Exercise details> Include in the reply only the lines from the start of the data below through the line containing "Marble Walnut Rafraishissoire", reproduced exactly and with no pictures.

Given data>
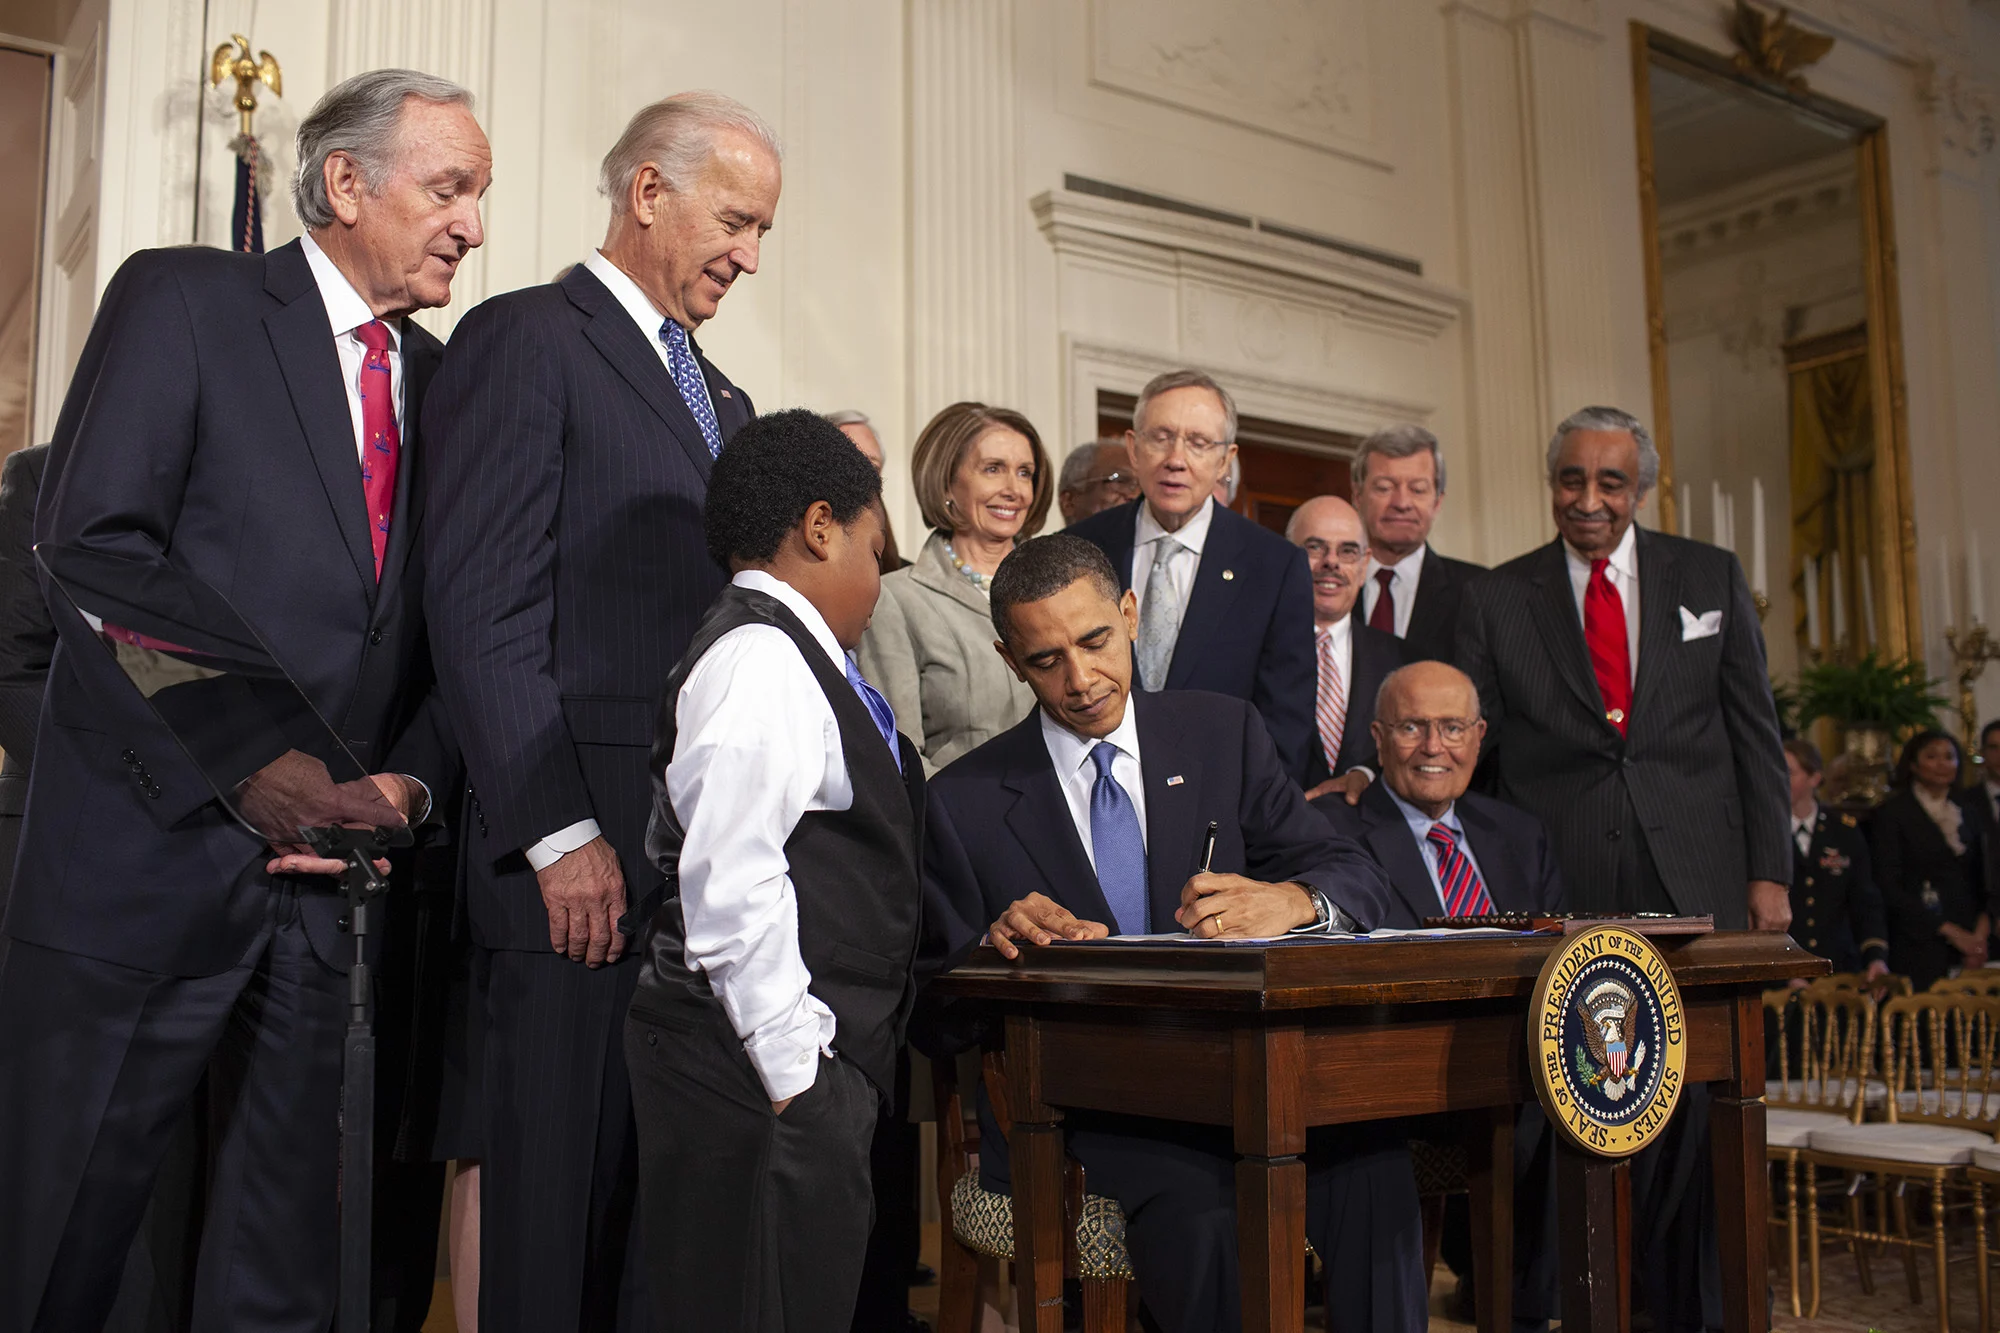 President Obama sits at a desk signing a document, surrounded by a group of politicians and a young boy.
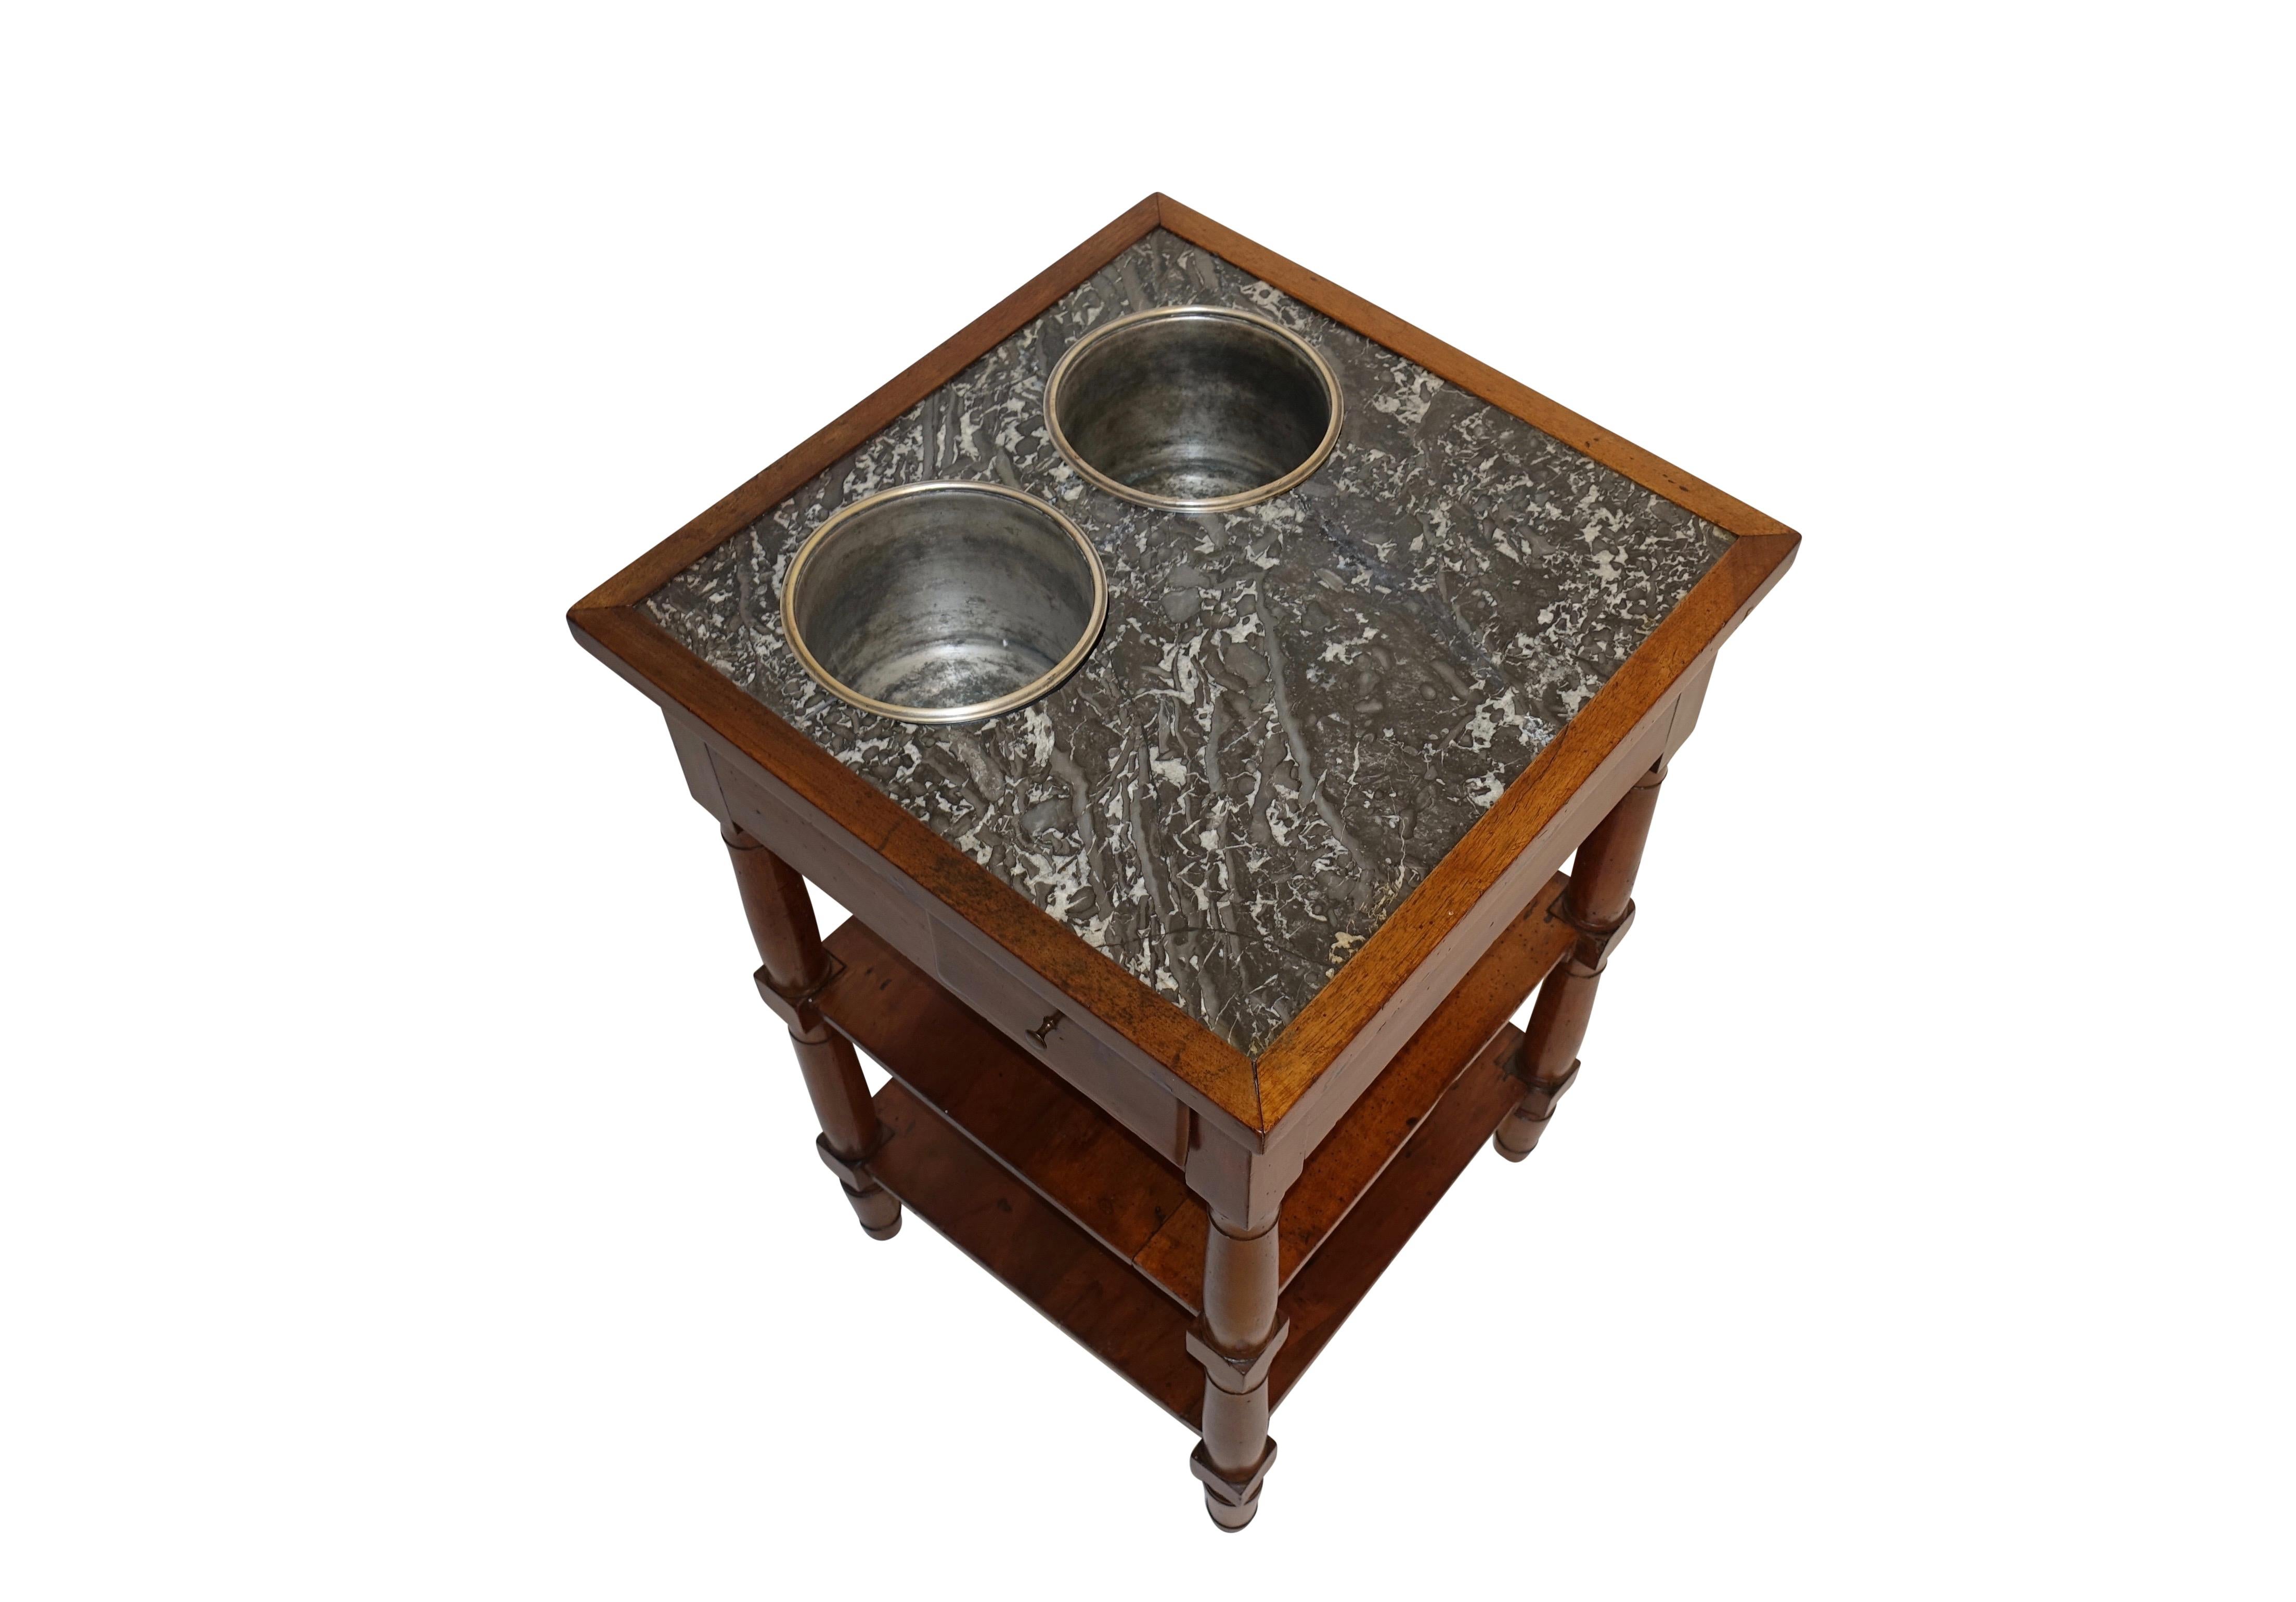 Marble Walnut Rafraishissoire Table with Silver Plated Wine Holders, French, circa 1780
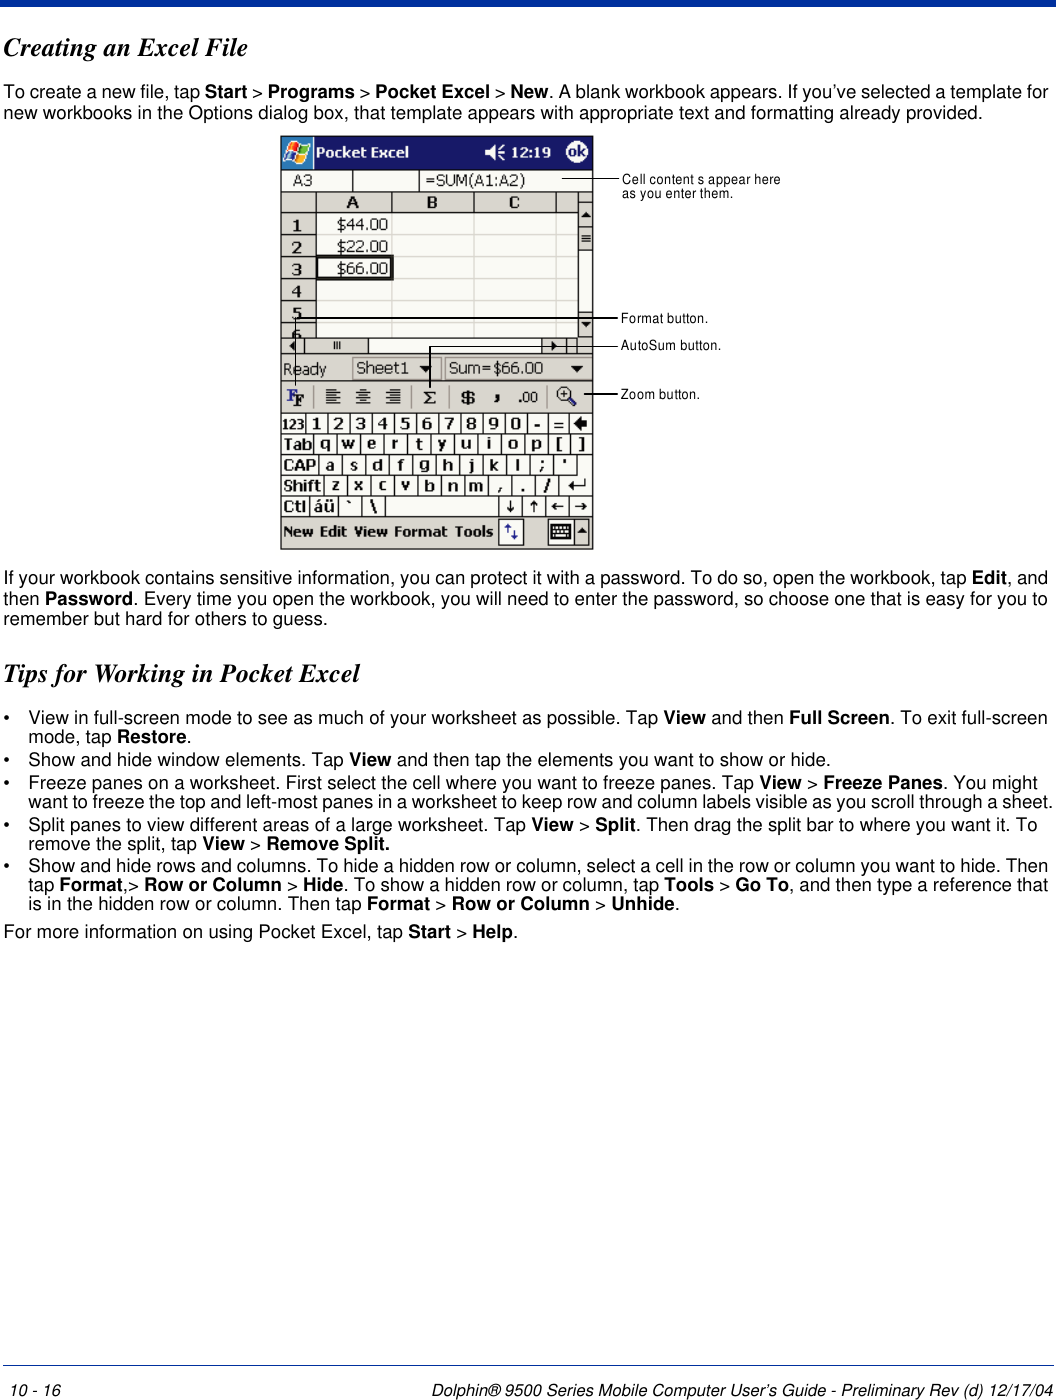 10 - 16 Dolphin® 9500 Series Mobile Computer User’s Guide - Preliminary Rev (d) 12/17/04Creating an Excel FileTo create a new file, tap Start &gt; Programs &gt; Pocket Excel &gt; New. A blank workbook appears. If you’ve selected a template for new workbooks in the Options dialog box, that template appears with appropriate text and formatting already provided. If your workbook contains sensitive information, you can protect it with a password. To do so, open the workbook, tap Edit, and then Password. Every time you open the workbook, you will need to enter the password, so choose one that is easy for you to remember but hard for others to guess.Tips for Working in Pocket Excel•           View in full-screen mode to see as much of your worksheet as possible. Tap View and then Full Screen. To exit full-screen mode, tap Restore.•           Show and hide window elements. Tap View and then tap the elements you want to show or hide.•           Freeze panes on a worksheet. First select the cell where you want to freeze panes. Tap View &gt; Freeze Panes. You might want to freeze the top and left-most panes in a worksheet to keep row and column labels visible as you scroll through a sheet.•           Split panes to view different areas of a large worksheet. Tap View &gt; Split. Then drag the split bar to where you want it. To remove the split, tap View &gt; Remove Split.•           Show and hide rows and columns. To hide a hidden row or column, select a cell in the row or column you want to hide. Then tap Format,&gt; Row or Column &gt; Hide. To show a hidden row or column, tap Tools &gt; Go To, and then type a reference that is in the hidden row or column. Then tap Format &gt; Row or Column &gt; Unhide.For more information on using Pocket Excel, tap Start &gt; Help.Cell content s appear hereas you enter them.AutoSum button.Format button.Zoom button.

Exercise output>
 President Obama sits at a desk signing a document, surrounded by a group of politicians and a young boy.
 Marble Walnut Rafraishissoire Table with Silver Plated Wine Holders, French, circa 1780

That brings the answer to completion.